The performance of your storage infrastructure is only as good as the network it’s connected to, and that’s a problem.
At the recent Samsung Tech Day, Rockport CTO Matt Williams presented to a broad audience of customers, partners, and Samsung employees, explaining that distributed storage performance is only as performant as the network supporting it. He also detailed how Rockport’s switchless networking fabric enables a fully distributed, multi-petabyte storage capability for Samsung’s newly released Poseidon product. It was a showcase for how a next-generation networking start-up like Rockport improves storage latency, bandwidth, and IOPS at scale. Below are the key elements of Matt’s presentation.
Storage Performance = Network Performance
Traditional switch-based networks that organizations use to connect storage devices to the servers are, by nature, switch intensive. Each layer of switches makes the architecture more complex and inherently adds congestion as the traffic competes for ports. This congestion, in turn, leads to latency and packet loss. All of which mean it takes longer to move data in and out of storage.
Figure 1: Congestion is inherent in centralized switched networks.
Compounding this issue, growing networks reach a natural tipping point when all available ports are occupied so they run out of capacity to add any more storage devices without adding another layer of switches, which necessitates rewiring the entire network. This, in turn, means that these decades-old switch-based networks have issues with scaling.
Don’t blame the switch, blame the architecture
Switches themselves aren’t the root cause of the issues, rather it’s the spine-and-leaf architecture of centralized switching that causes all this pain. In a typical scenario, servers connect to a flash-based storage array through a switch-based network. The storage array itself is very high performance, has very high IOPS and low-latency access, and the server is also high performance. The problem is that network in the middle, which adds latency and jitter (hundreds or thousands of microseconds) which is very detrimental to storage performance.
The bottom line for storage environments is network performance limits storage performance with high tail latency, inconsistent IOPS, and poor throughput, making it challenging for operators to enjoy the full capabilities of their chosen storage solution. These same issues will also be felt – to an even greater degree – by hyperscalers due to the size and complexity of the distributed storage solutions they build. It doesn’t matter how fast the storage is, the network is the limiting factor.
Ditching the Switch
If using switches in a spine and leaf (fat tree) topology is a primary contributor to poor storage performance, then alternatives should be considered. The fastest supercomputers in the world have moved to a direct-connect architecture that removes centralized switches in favor of a distributed environment that puts switching capabilities inside each node and forms direct connections between devices.

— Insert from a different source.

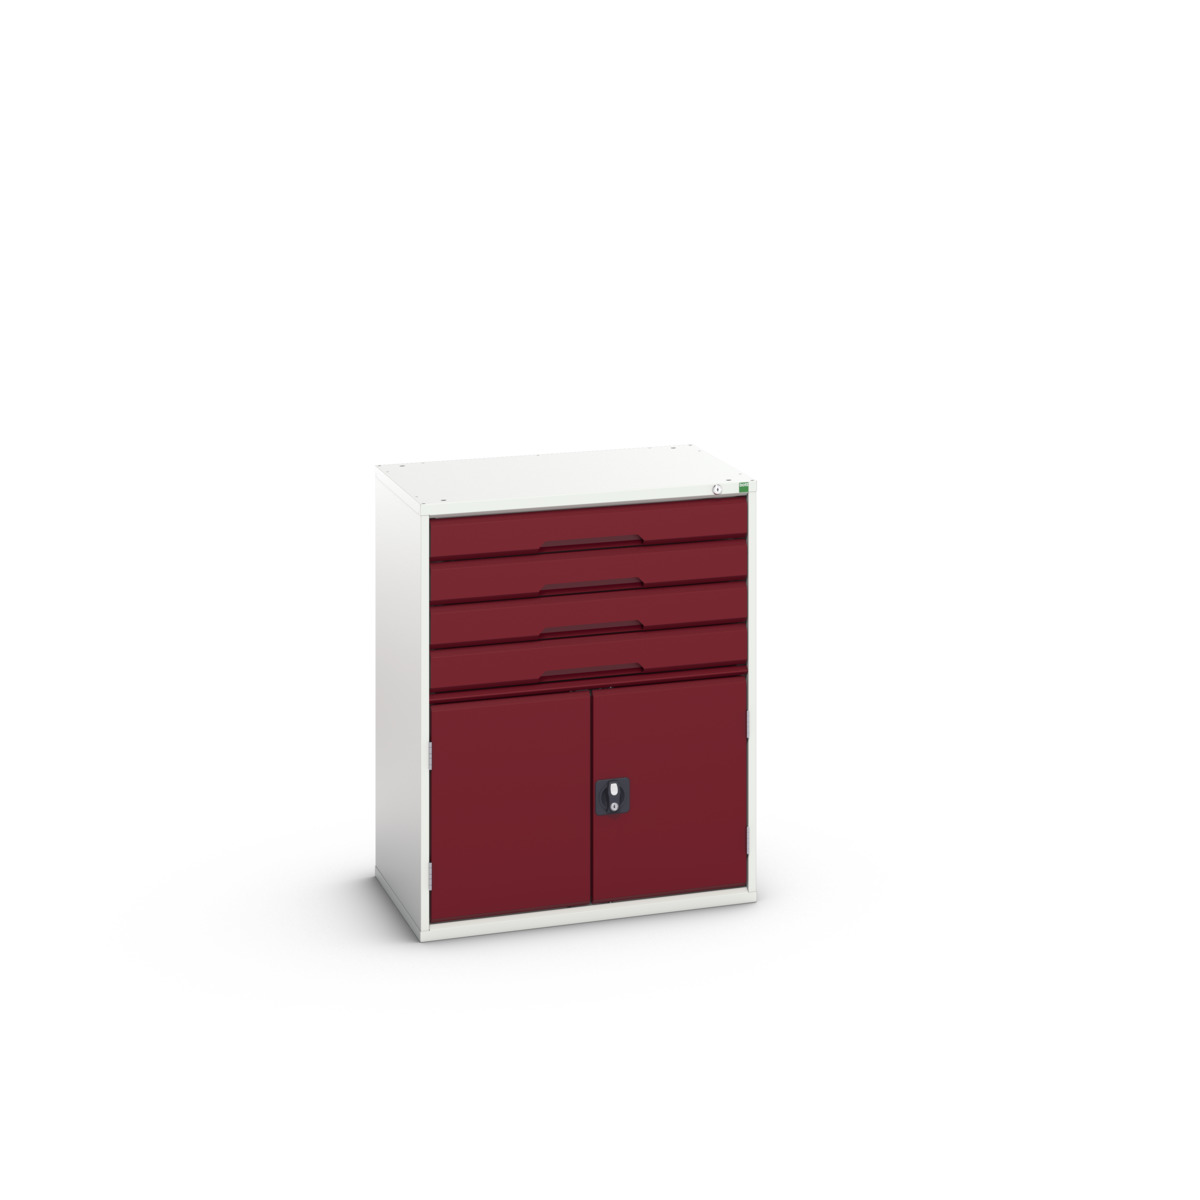 16925465.24 - verso drawer-door cabinet

Taking centralized switching out of the equation also has the advantage of removing the artificial break points that occur when scaling up a network. If a data center wants to deploy more storage, it’s very easy to do so without worrying about if there is spare capacity in a centralized switch. This enables data centers to scale in place as needed.
Democratizing Switchless Networking with Rockport
Rockport’s direct interconnect solution adopts the same concepts used in the world’s fastest supercomputers, in a way that is easily accessible so can be deployed without specialized training or lengthy deployment times.
To deploy a Rockport network, operators plug a network card into the servers and storage enclosures, connect a passive unpowered cable from the cards to a Rockport SHFL, which is pre-wired with supercomputer networking topologies.
Figure 2: A Rockport Network-enabled storage solution.
The Rockport Network Operating System (rNOS) and the Rockport Autonomous Network Manager (ANM) take care of the rest, making the network self discovering, self configuring, and self healing, as well as providing deep insights into what’s happening in the network on a per-job or per-device basis.
Figure 3: Rockport Networks architecture features directly connected nodes, distributed switching, very high path diversity.
The solution creates a large mesh topology between the connected nodes, with very high path diversity, inherent resiliency, excellent performance at scale with consistent performance, regardless of load. Critically for storage providers, our technology changes very little from the host point of view, by providing a standard Ethernet host interface. The network supports all major standards, including RoCE, TCP, UDP, NVMe-oF, NVMe–over–TCP, the major difference from traditional networks being excellent performance at scale under load.
Proof in the pudding
Customers who have installed a Rockport Switchless Network and run benchmark tests have found their workload completion times are on average 28% faster and they experience 3.5 times less latency in the network, all while under load.
In terms of performance for storage, Rockport removes the bottleneck the network traditionally imposes. The network has very low latency, very low jitter, they’re naturally lossless and have very good throughput. That means storage can maintain the very high IOPS needed for high-performance storage applications.
If you’re a hyperscaler or enterprise who finds the inherent characteristics of switched networks are negatively affecting the performance of your multi-petabyte distributed storage arrays, consider Rockport. Our switchless network architecture provides a real opportunity to improve storage latency, bandwidth, and IOPS, particularly at scale and in a way that’s very easy to deploy, is power efficient and provides excellent results even under heavy load.